Why we don't use wood anymore to power our cars

Before the concept of low-carbon or carbon-neutral fuels even existed, people tried something completely different: wood. It powered many of the earliest combustion vehicles, including locomotives and steamships.

Bill Hand/The New Bern Sun Journal/AP/File
A 1930 Ford Model A rolls down Middle Street in search of its stall during Saturday, May 10, 2014, antique car show in downtown New Bern, NC.

When it comes to alternative fuels, the discussion usually centers around compressed natural gas, or biofuels like ethanol or biodiesel.

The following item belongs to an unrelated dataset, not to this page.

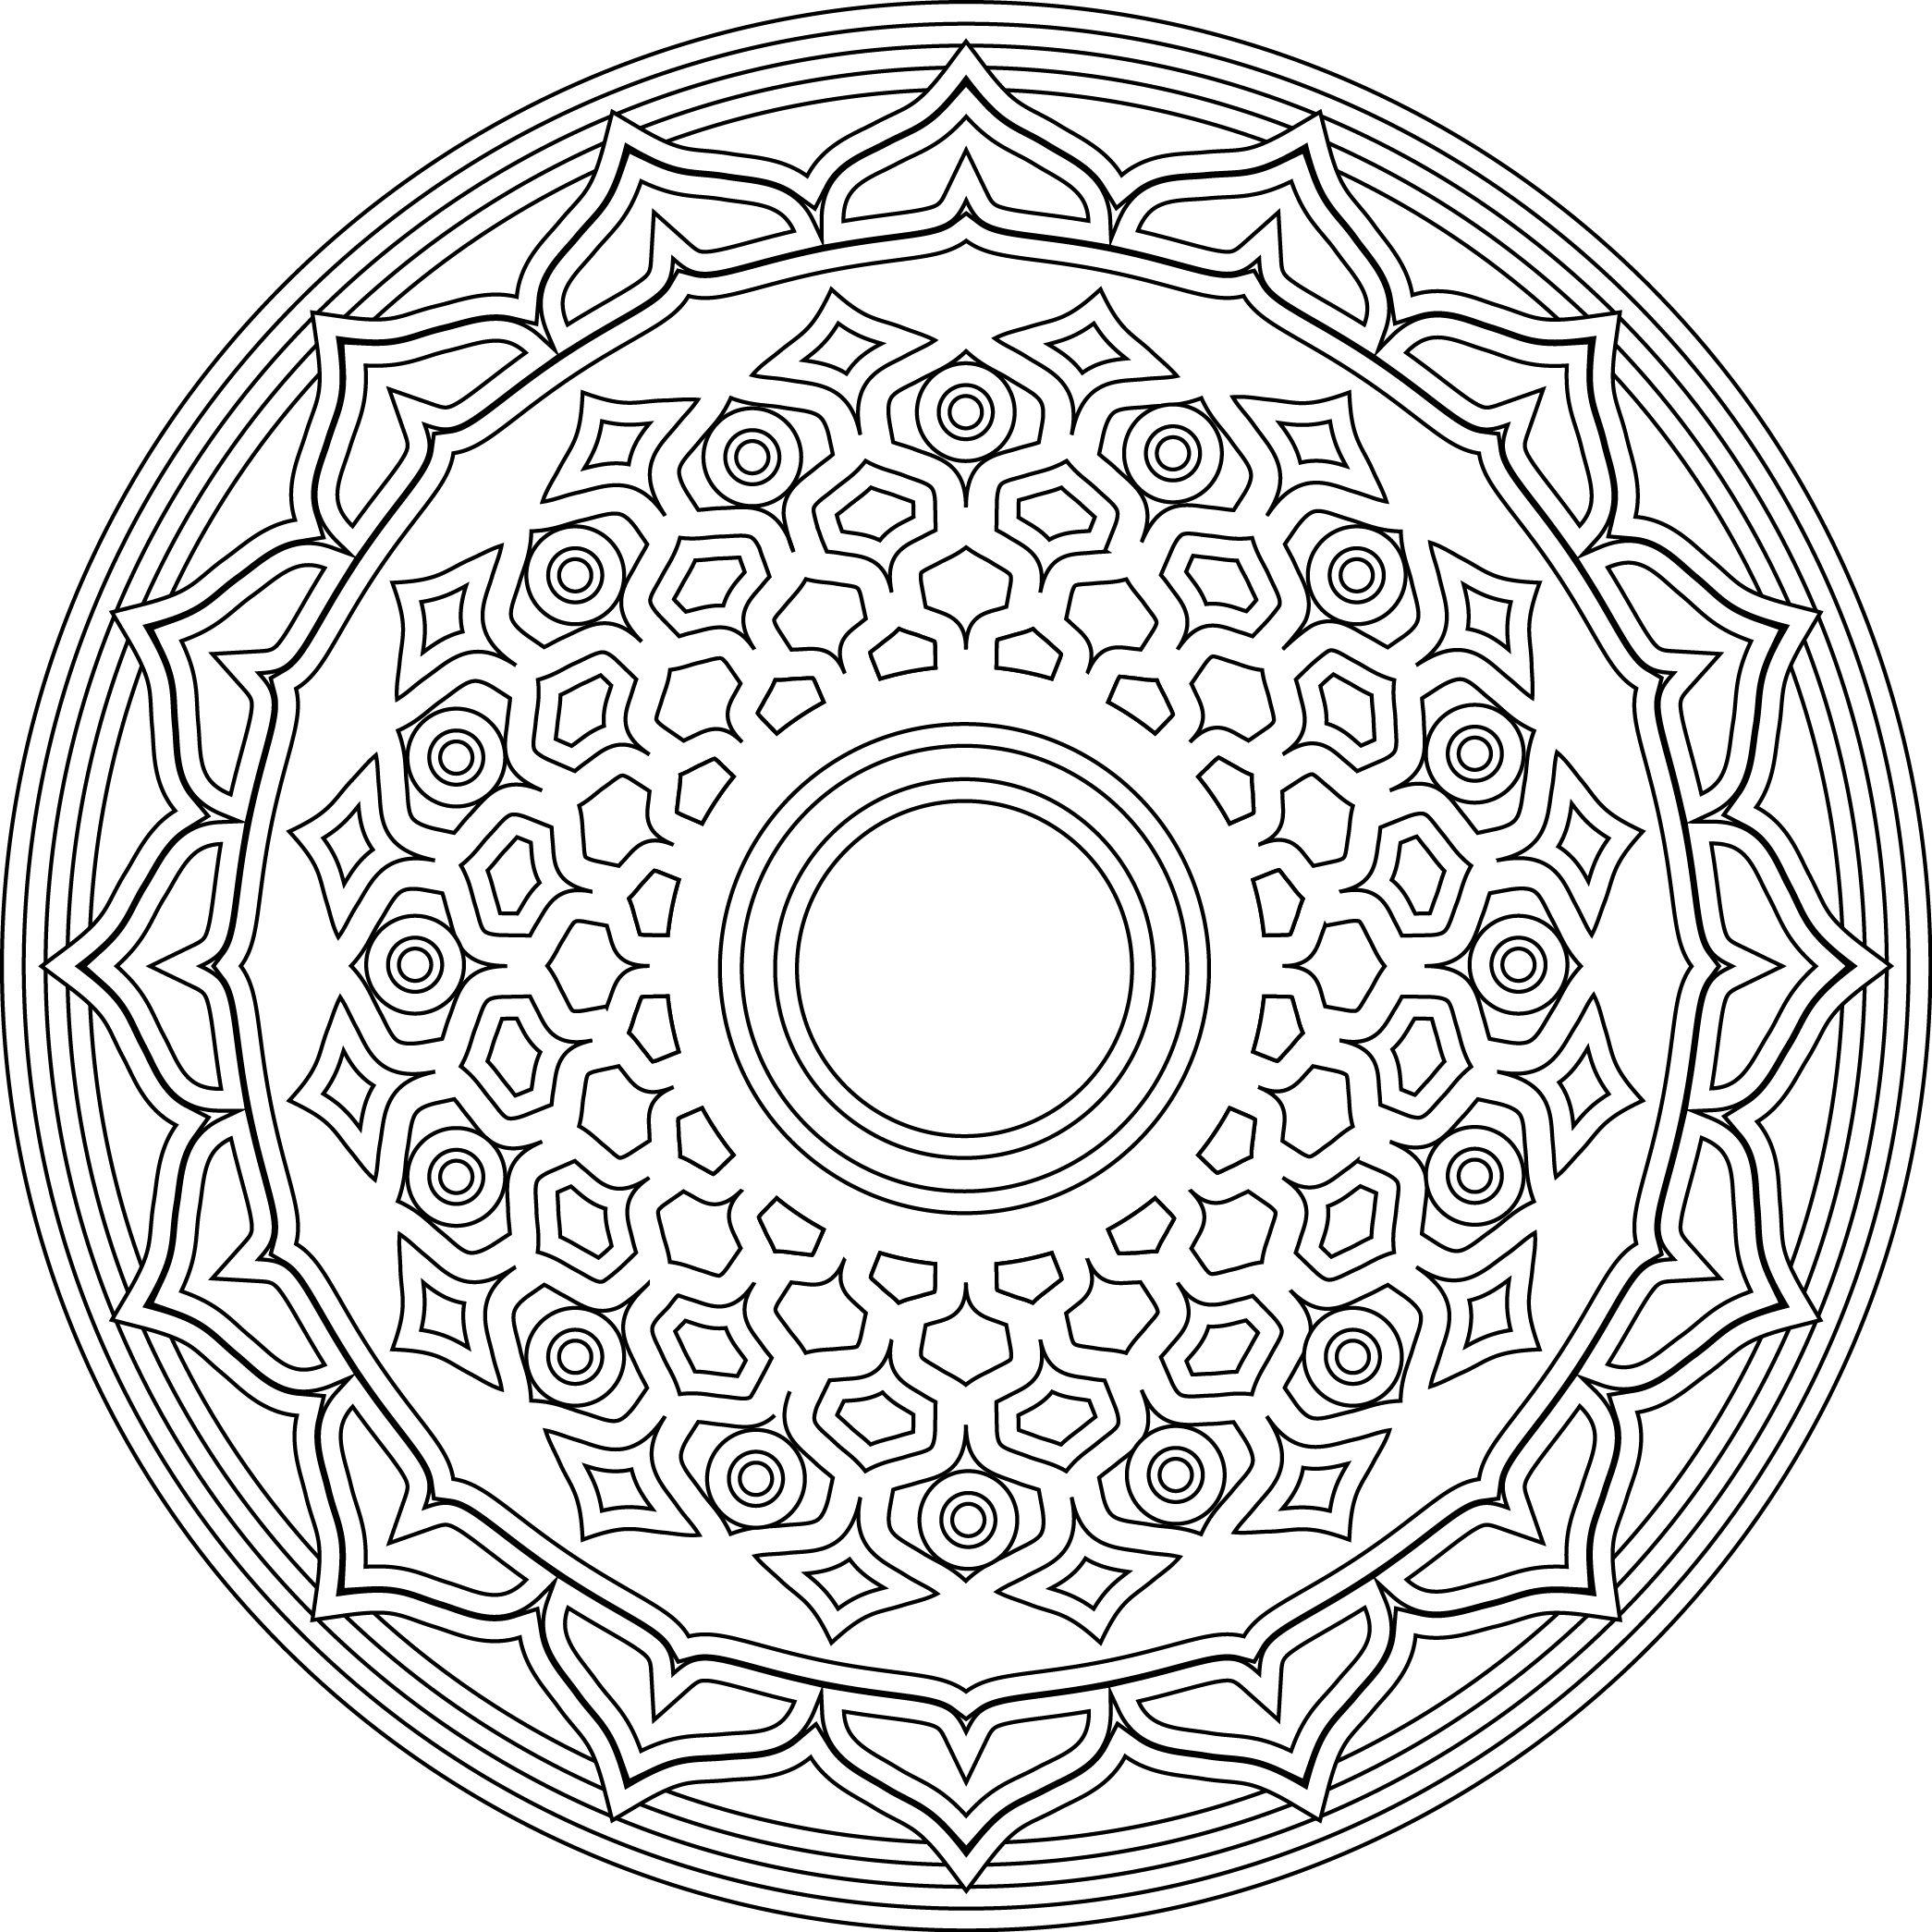 Sahasrara The Crown Chakra Mandala Coloring Pages Coloring Pages Mandala Coloring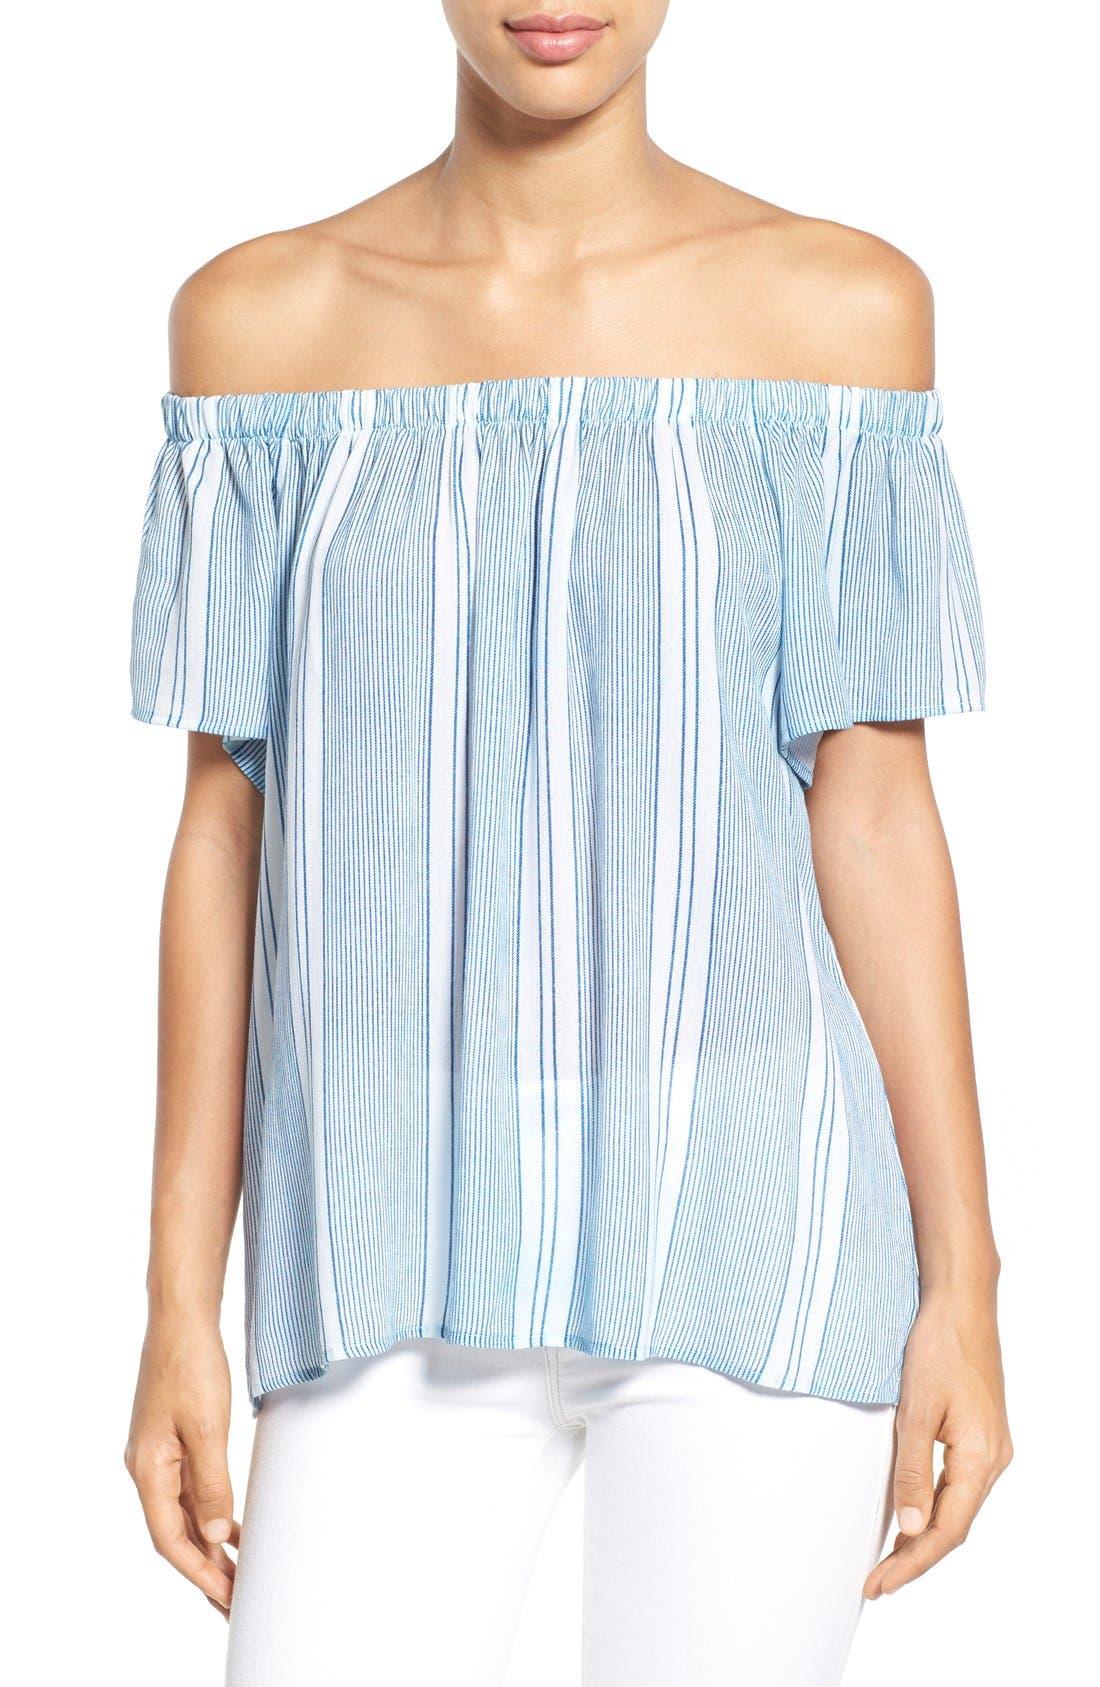 Off the Shoulder Top,                         Main,                         color, White/ Blue Stripe

But before the concept of low-carbon or carbon-neutral fuels even existed, a few early makers and desperate drivers tried something completely different.

They powered their vehicles with wood, the same fuel used to power many of the earliest combustion-powered vehicles, including railroad locomotives and steamships.

Wood-powered cars achieved prominence briefly during the early 20th century—but there are good reasons why we don't use wood to power cars today, notes a recent article on the subject in Hemmings Daily.

These cars relied on gasification, a process by which gases produced by burning wood are routed into the engine's cylinders to be compressed and ignited, just as a gasoline-air mixture is in conventional cars.

Wood-gas generators for cars became popular in Europe both immediately after World War I and during World War II, according to Hemmings, primarily due to gasoline shortages.

While wood power received some initial attention from early automakers, they eventually abandoned the idea. Instead, aftermarket companies sold kits to be retrofitted to existing cars.

Immediate issues were the weight of the wood-gas generator systems, the fact that they lowered engine power, and the sheer amount of wood they required.

According to a manual published in the late 1930s, an average truck could be expected to burn 220 pounds of wood every 62 miles.

Refueling was not as simple as chopping down trees, either.

Most systems required wood, in chunks no larger than 3 inches long and 2 inches in diameter, that had been stored for at least six months to dry fully.

Hardwoods like birch and oak worked best, and woods with high resin content had to be avoided. Some systems were configured to burn charcoal, which had its own drawback: high sensitivity to humidity.

Most systems included a stove for burning the fuel, as well as a cooler and filter for the gases produced, all connected by a network of pipes.

Operating a wood-powered vehicle was also quite labor intensive—even by the standards of early cars.

Hemmings looked at a system installed on a Ford Model A with a stove that required stoking with both wood and charcoal, the latter used to filter the gas en route to a filter/radiator mounted up front.

During startup, the driver had to test whether the gas was pure enough to use in the engine, a process that sometimes resulted in a fireball.

Given all that, perhaps it is not surprising that wood-powered cars never really caught on.

Luckily, today's biofuels—most of them starting with plants or agricultural materials—are increasingly designed to "drop in" to existing vehicles and fueling systems with far less modification.